4. Configure the core router:

¡ Configure IS-IS:

# Enable IS-IS process 1 and set the system ID to 0000.0000.0004 and area ID to 00.

# Configure the router to receive and send only wide cost style packets.

[CoreRouter-isis-1] cost-style wide

# Enable direct and UNR route redistribution.

[CoreRouter-isis-1] address-family ipv4 unicast

[CoreRouter-isis-1-ipv4] import-route direct

[CoreRouter-isis-1-ipv4] import-route unr

# Enable FRR for IS-IS process 1 and configure IS-IS FRR to calculate a backup next hop through LFA calculation for all routes.
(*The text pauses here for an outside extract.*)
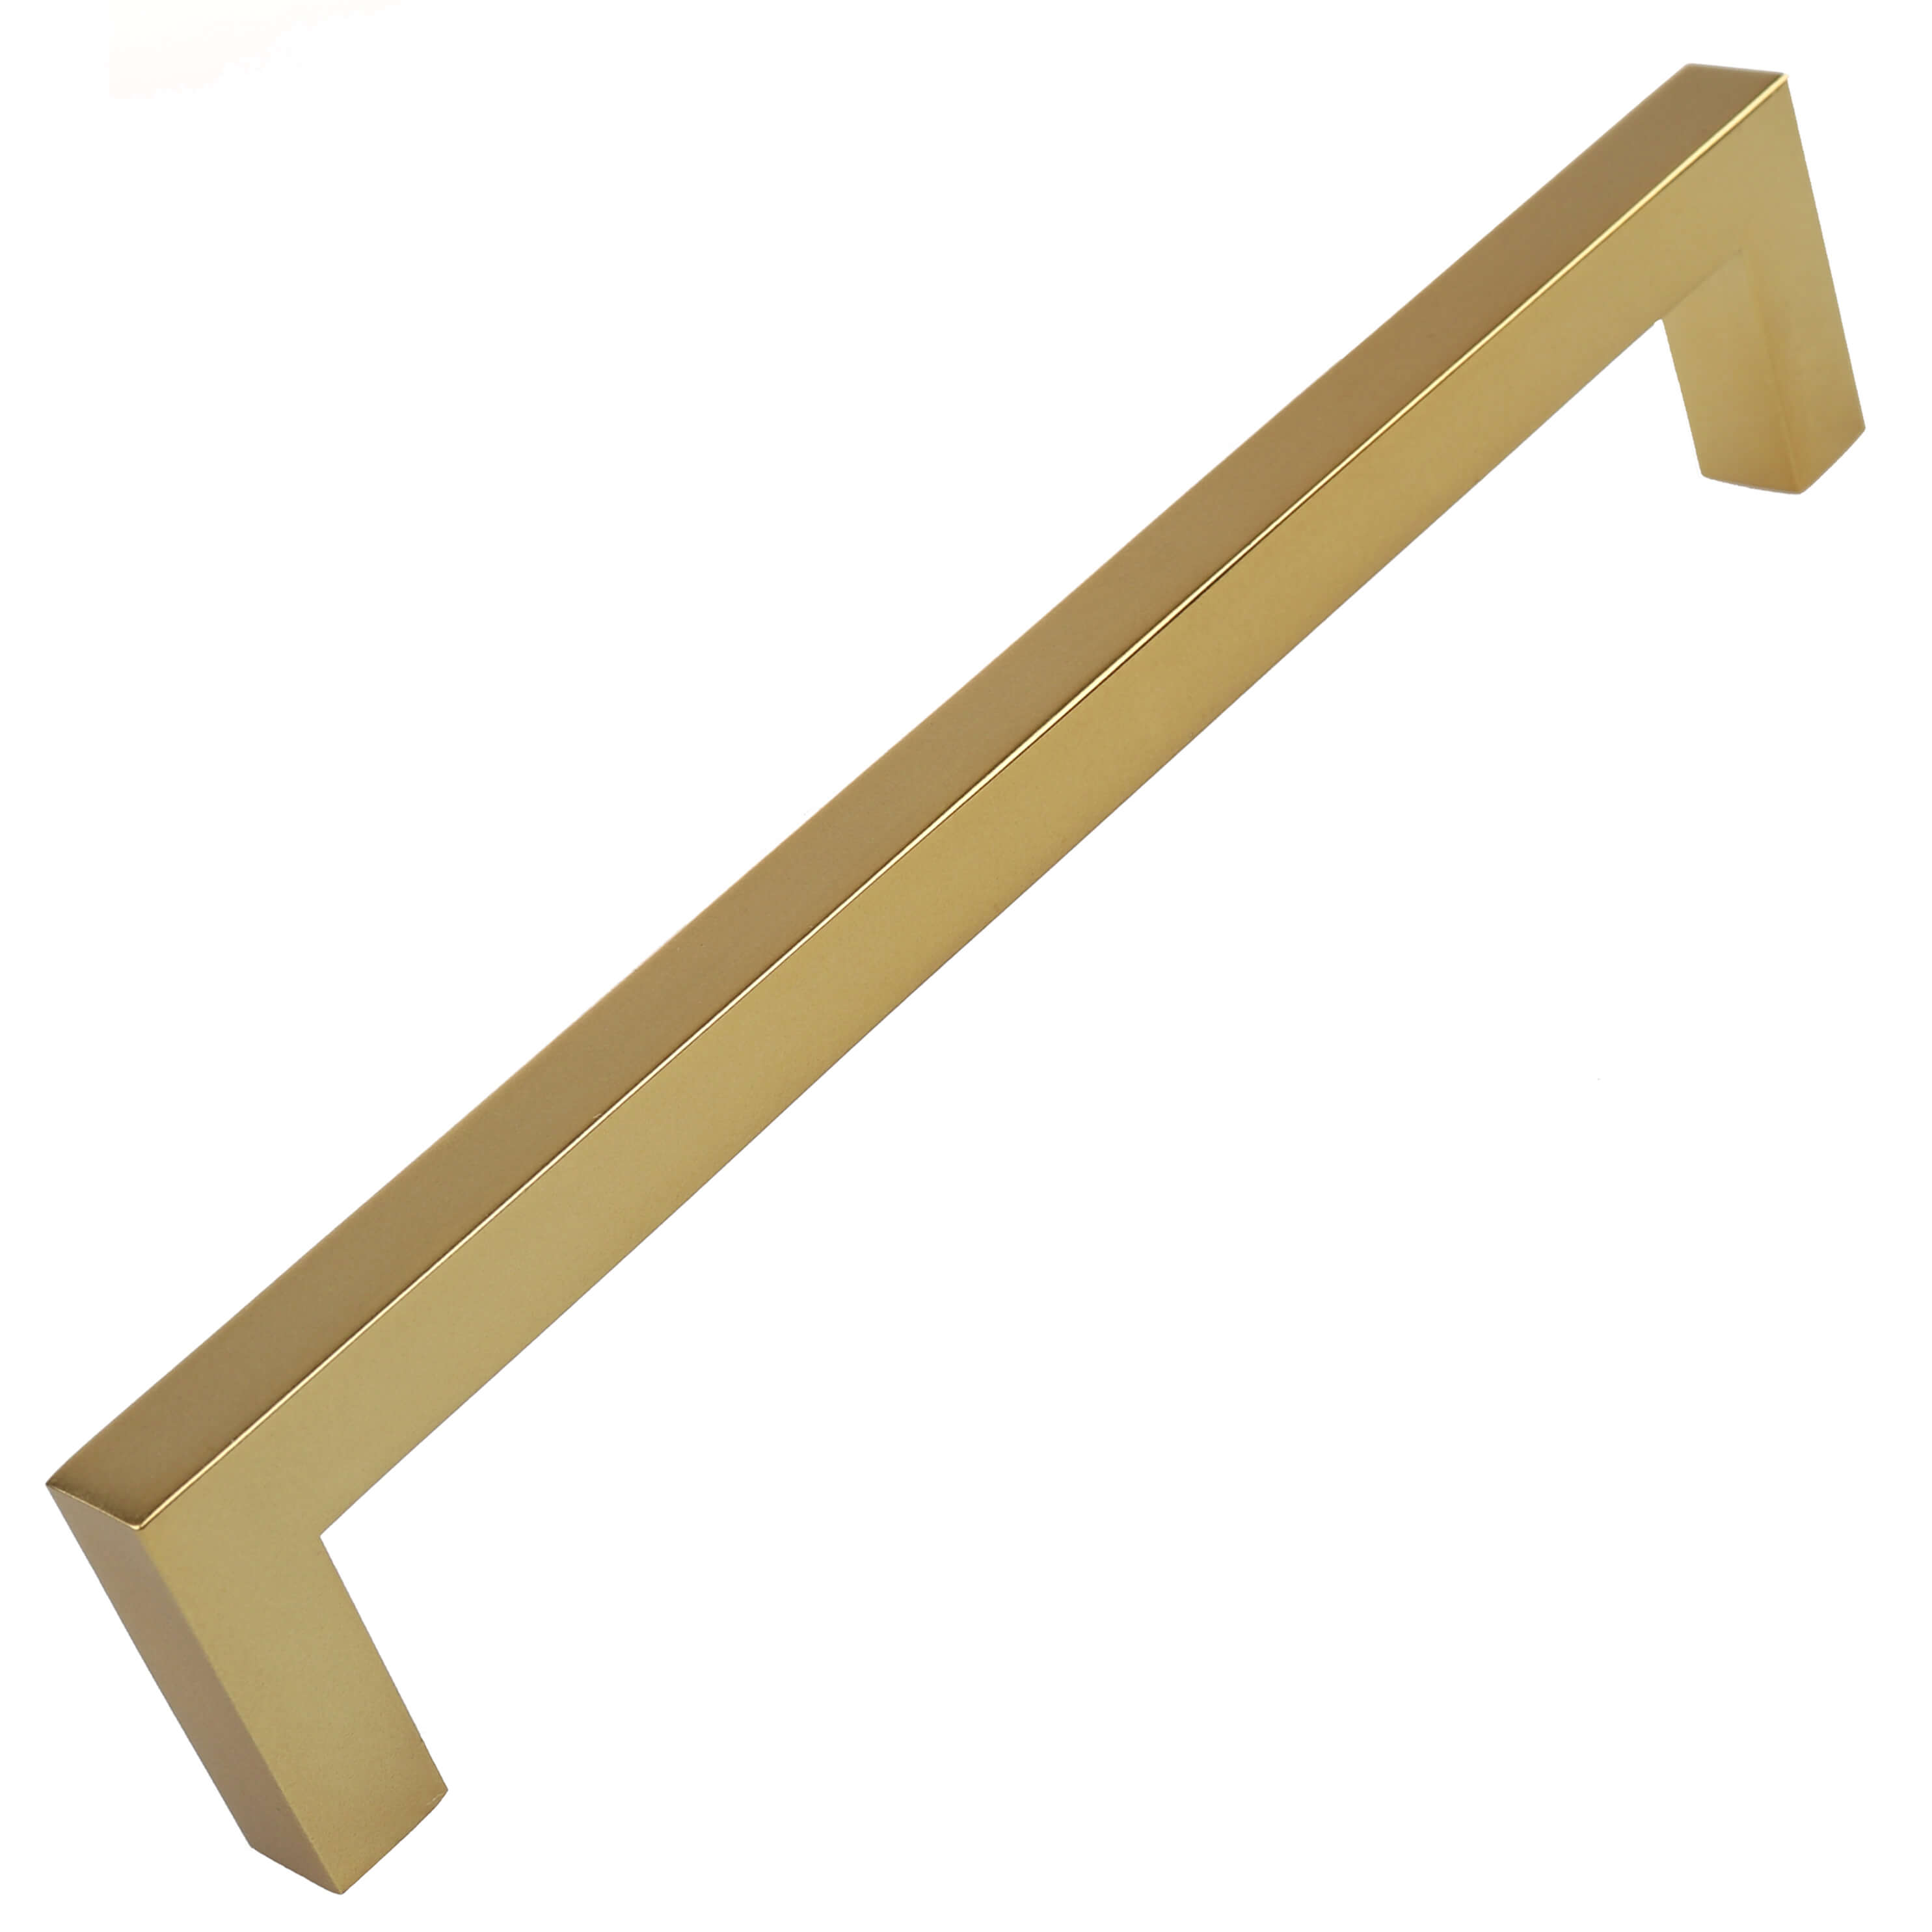 GlideRite 6-1/4 in. Center Solid Square Bar Cabinet Pulls, Brass Gold, Pack of 5 - image 1 of 3

[CoreRouter-isis-1-ipv4] fast-reroute lfa

[CoreRouter-isis-1-ipv4] quit

[CoreRouter-isis-1] quit

[CoreRouter] interface ten-gigabitethernet 3/1/1

[CoreRouter-Ten-GigabitEthernet3/1/1] isis enable 1

[CoreRouter-Ten-GigabitEthernet3/1/1] isis bfd enable

[CoreRouter-Ten-GigabitEthernet3/1/1] bfd min-transmit-interval 10

[CoreRouter-Ten-GigabitEthernet3/1/1] bfd min-receive-interval 10

[CoreRouter-Ten-GigabitEthernet3/1/1] bfd detect-multiplier 3

[CoreRouter-Ten-GigabitEthernet3/1/1] quit

[CoreRouter] interface ten-gigabitethernet 3/1/2

[CoreRouter-Ten-GigabitEthernet3/1/2] isis enable 1

[CoreRouter-Ten-GigabitEthernet3/1/2] isis bfd enable

[CoreRouter-Ten-GigabitEthernet3/1/2] quit

[CoreRouter] interface ten-gigabitethernet 3/1/3

[CoreRouter-Ten-GigabitEthernet3/1/3] isis enable 1

[CoreRouter-Ten-GigabitEthernet3/1/3] isis bfd enable

[CoreRouter-Ten-GigabitEthernet3/1/3] quit

[CoreRouter] interface loopback2

[CoreRouter-LoopBack2] isis enable 1

[CoreRouter-LoopBack2] quit

5. Configure the vBRAS device.

¡ Configure a NAT instance:

# Create a NAT instance named aaa with ID 1.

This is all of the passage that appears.